Uniqueness is guaranteed strictly by utilizing two core Object methods:

  • hashCode(): Finds the memory bucket.
  • equals(): Checks if the object exactly matches existing data in that bucket.
Set<Integer> set = new HashSet<>(); set.add(10); set.add(10); // Evaluates to duplicate, rejected silently System.out.println(set); // Output: [10]

HashSet Deep Dive

Official Definition: "This class implements the Set interface, backed by a hash table (actually a HashMap instance). It makes no guarantees as to the iteration order of the set." — java.util.HashSet

1. The Internal Backend Reality

If you look at the raw Java source code for HashSet, you will discover that it doesn't store data by itself. It is merely a wrapper around a HashMap.
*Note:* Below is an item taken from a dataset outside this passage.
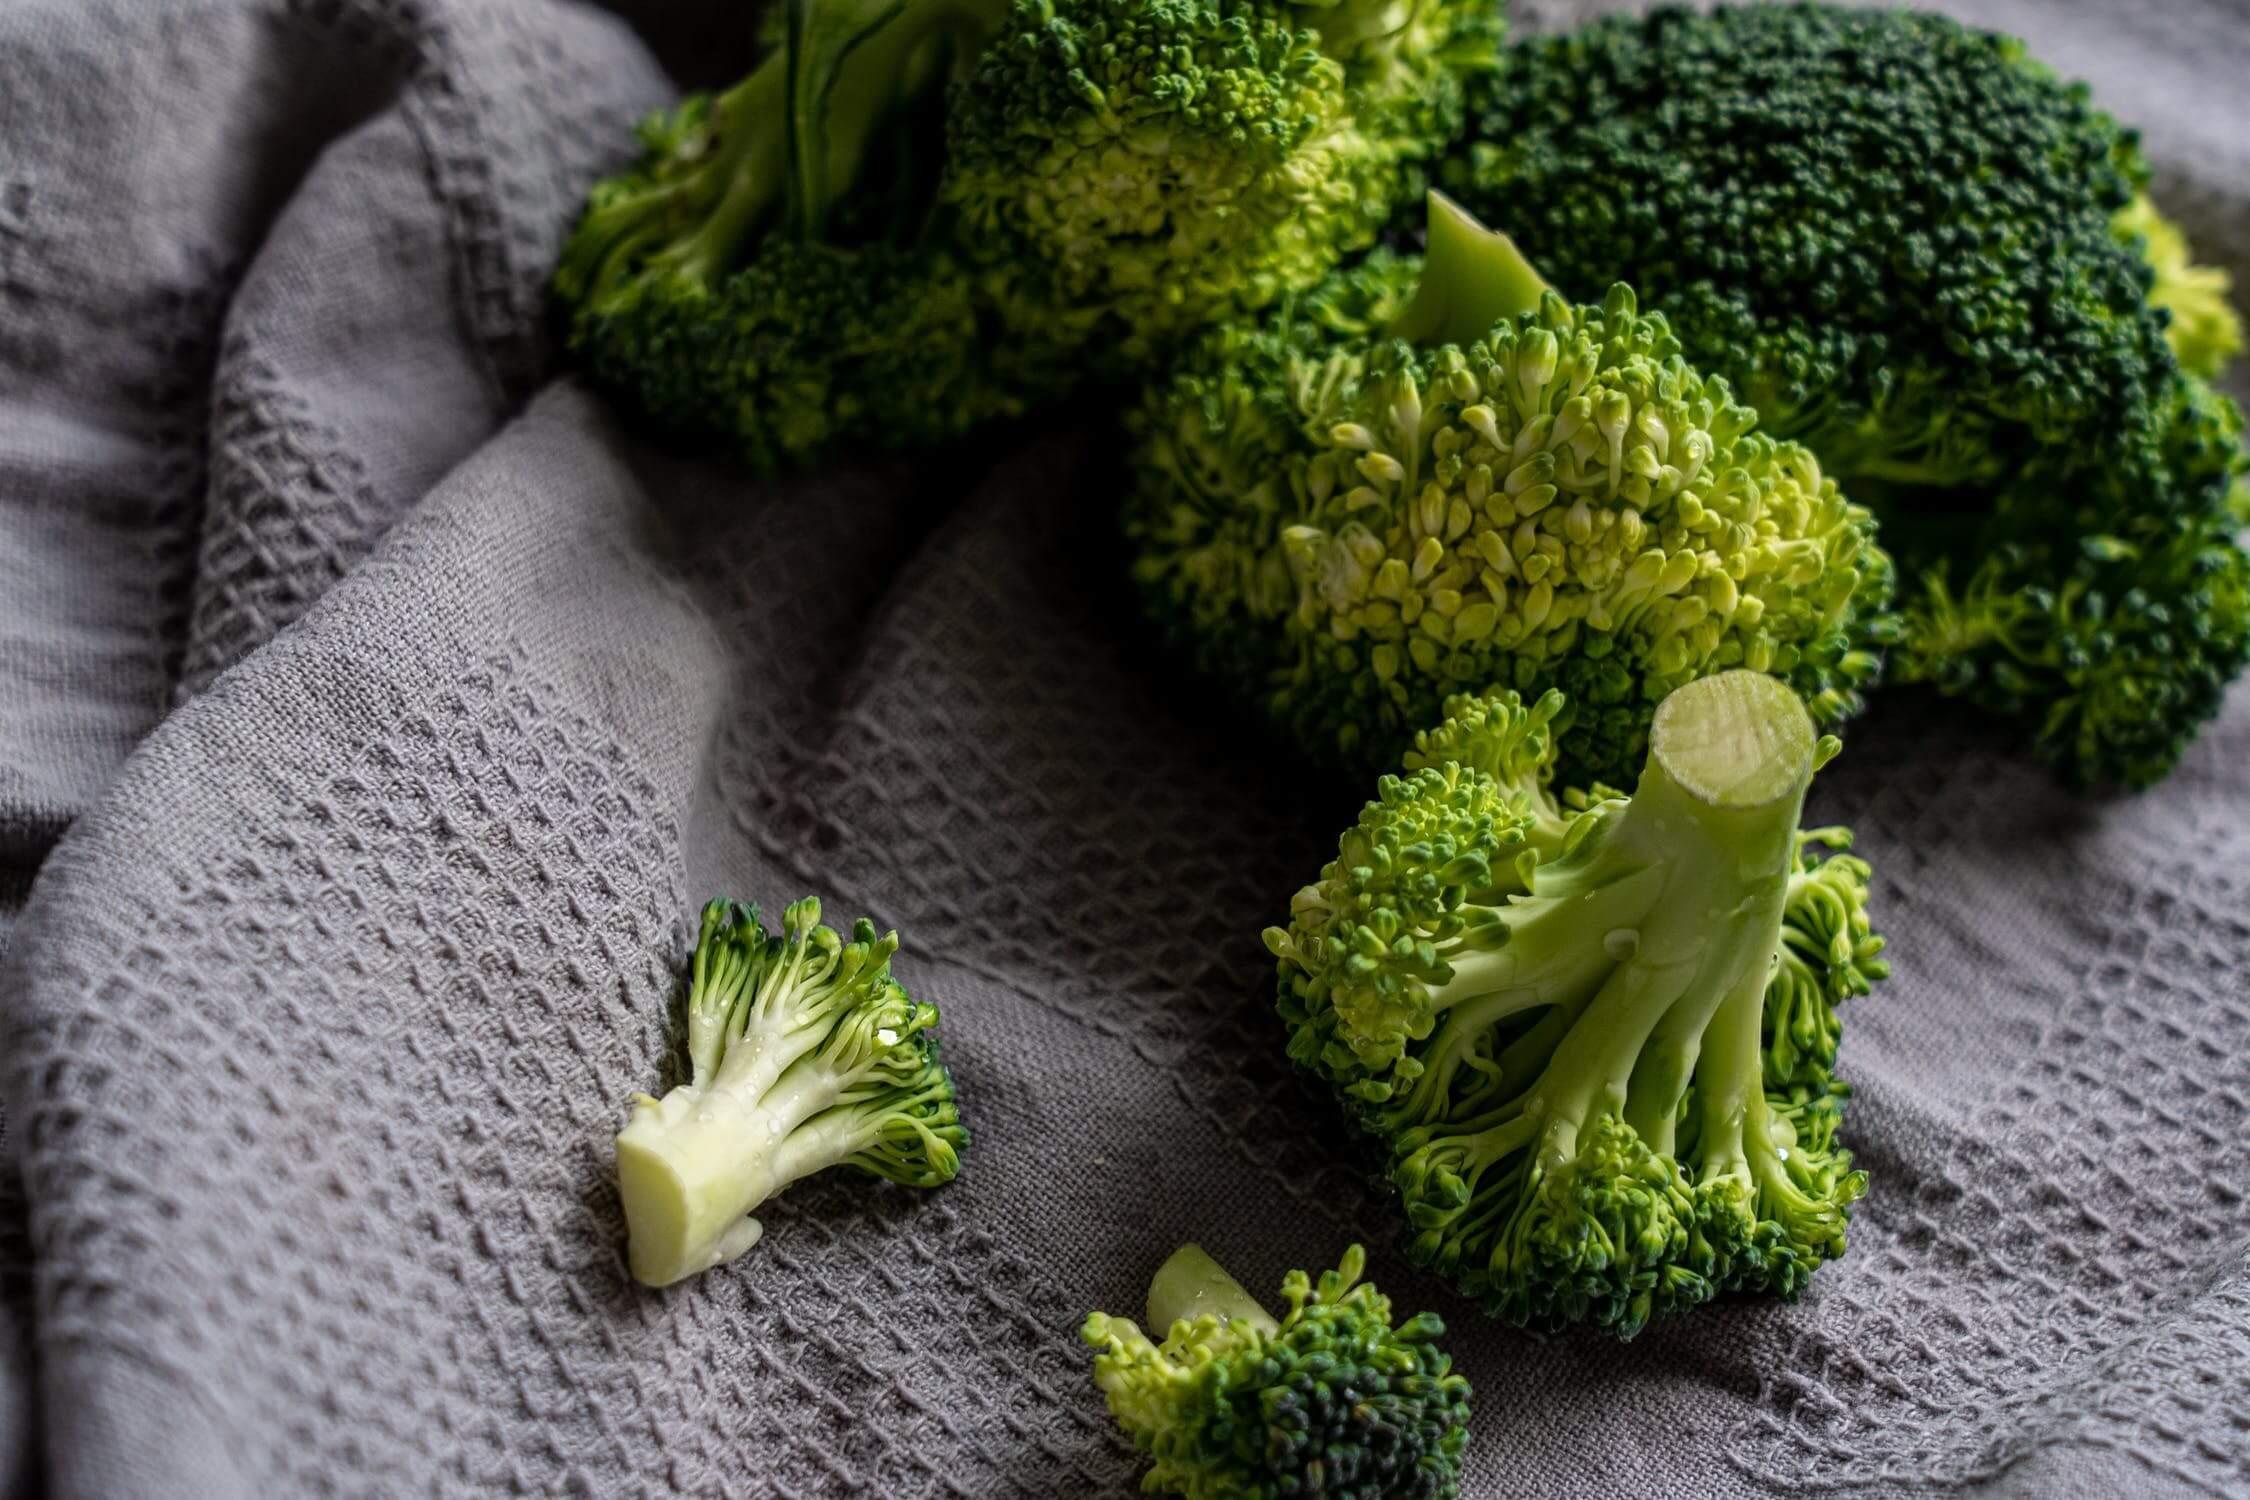 Fresh broccoli florets on a towel. Broccoli is a great brain health food

// Inside java.util.HashSet private transient HashMap<E,Object> map; // The Hidden Dummy Object private static final Object PRESENT = new Object();

Because a Map requires both a Key and a Value, the HashSet stores your actual data as the Key. It uses a static, empty dummy object called PRESENT to fill the Value requirement.

2. Backend Flow of add()

When you call set.add("Java"), this is the exact logic executed:

public boolean add(E e) { return map.put(e, PRESENT) == null; }

If map.put() returns null, it means the key didn't exist, and the insertion was successful. If it returns an object (the PRESENT object), it means the key was a duplicate, and the Set rejects it by returning false.

3. The Bucket Array & Index Formula

The backing HashMap uses an array of buckets. Java calculates exactly where to put your data using a bitwise formula:

index = (n - 1) & hash

Where n is the table size. This bitwise operation is significantly faster than standard modulo (%) arithmetic.
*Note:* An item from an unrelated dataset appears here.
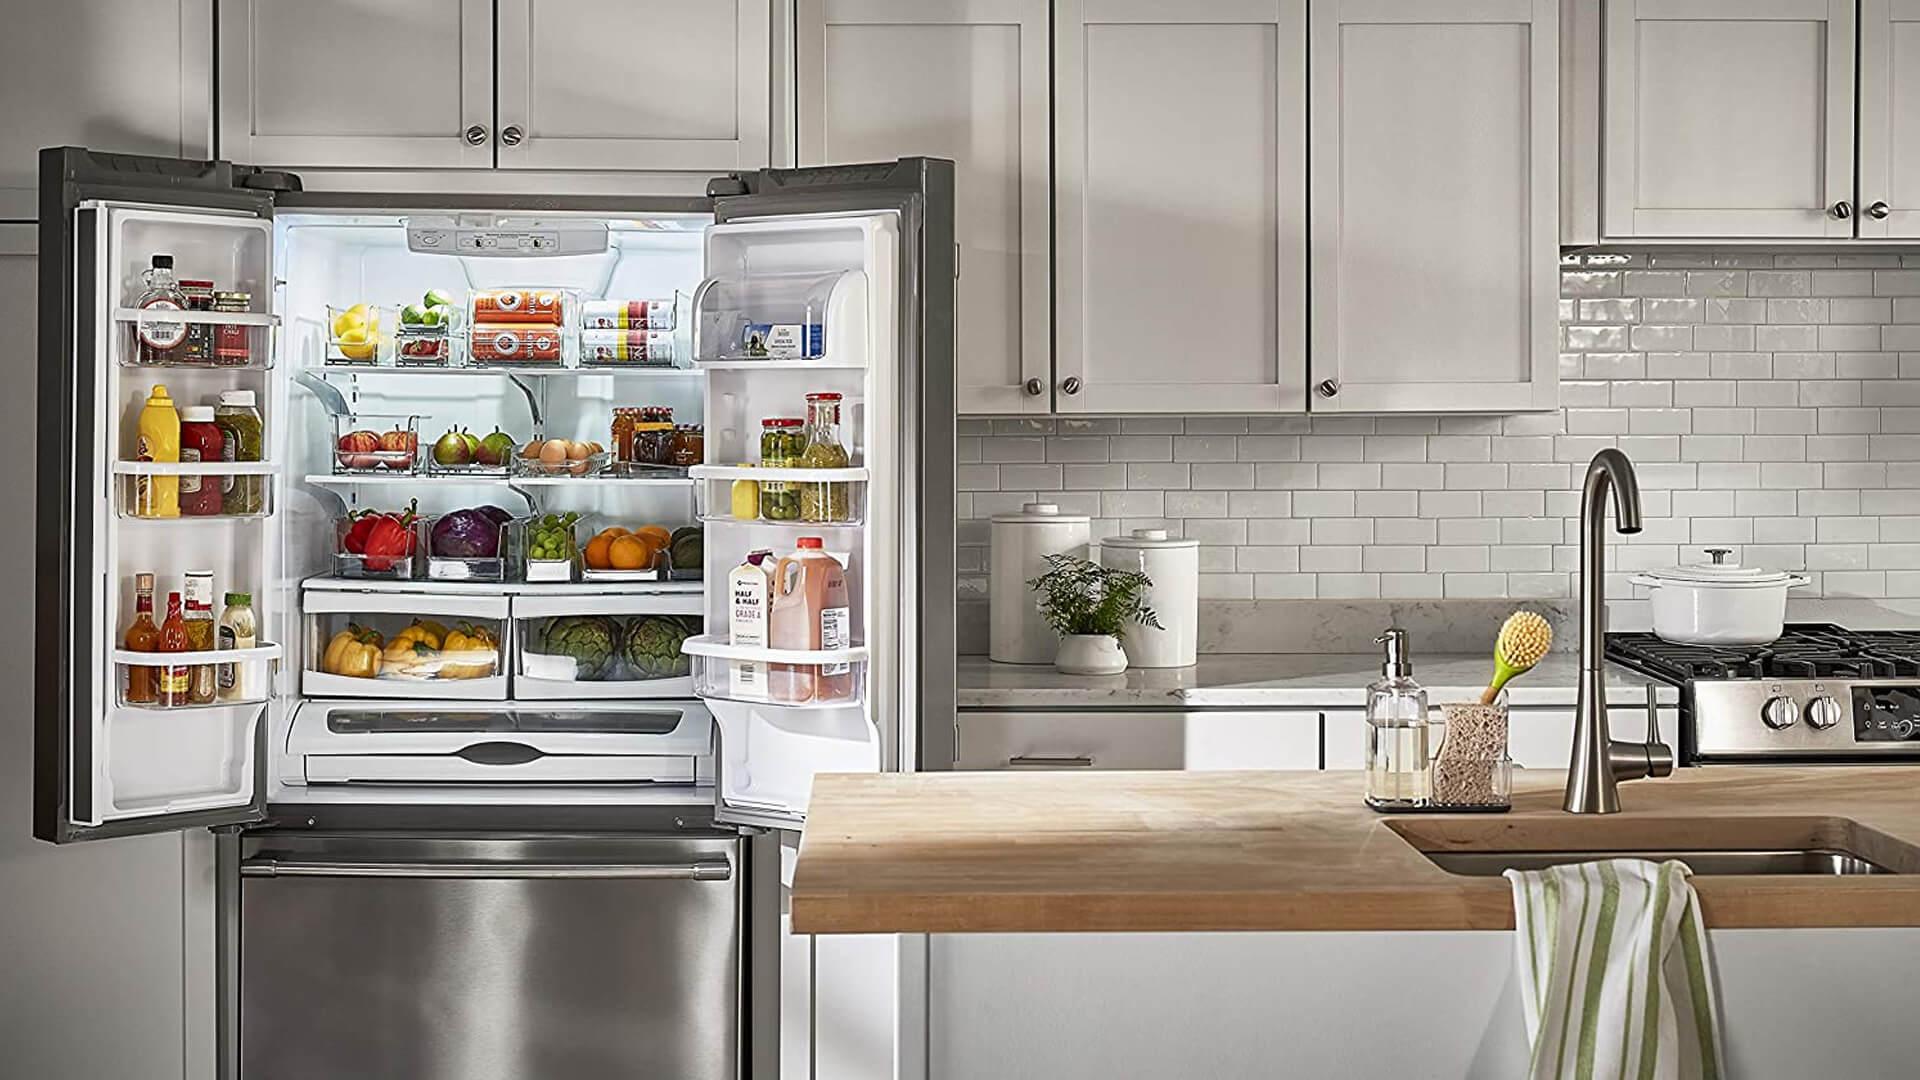 Thermador Bottom Freezer Refrigerator Repair   Thermador Appliance Repair Pros

4. Collision Handling & Treeification (Java 8)

If two distinct keys generate the same hash and land in the same bucket, a Collision occurs.
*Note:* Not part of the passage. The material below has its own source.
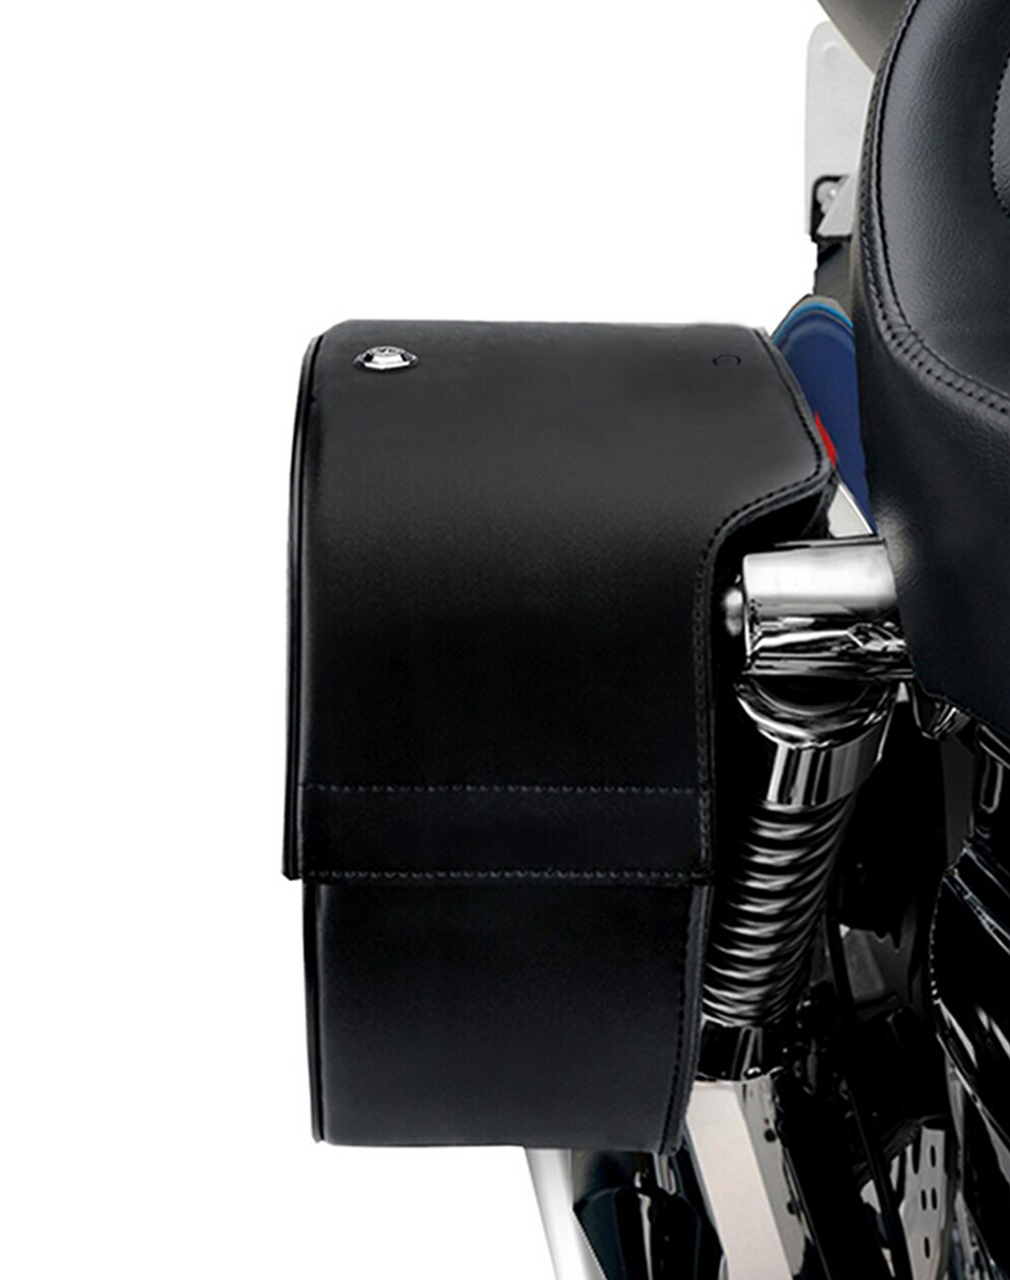 Kawasaki 1600 Mean Streak Shock Cutout Slanted Large Motorcycle Saddlebags Shock Cutout View

  • Java 7: Handled collisions using a standard Linked List ($O(n)$ search time).
  • Java 8+: If a single bucket exceeds 8 elements (and total table size $\ge 64$), the bucket's linked list violently converts into a Red-Black Tree. This drops search complexity from $O(n)$ down to a highly optimized $O(\log n)$.

5. The Mutable Key Danger

Never use mutable objects (objects whose data can change after creation) as elements in a HashSet. If you insert a Student object, and later change the Student's ID, its hashCode() will change. The Set will never be able to find it in the original bucket, creating a fatal memory leak and broken lookups.

LinkedHashSet Backend

Official Definition: "Hash table and linked list implementation of the Set interface, with predictable iteration order. This implementation differs from HashSet in that it maintains a doubly-linked list running through all of its entries." — java.util.LinkedHashSet

1. Why was it created?

A standard HashSet stores items chaotically based on memory hashes. If you insert 10, 50, and 20, they might print out as 50, 10, 20. LinkedHashSet was engineered specifically to solve this by explicitly preserving Insertion Order.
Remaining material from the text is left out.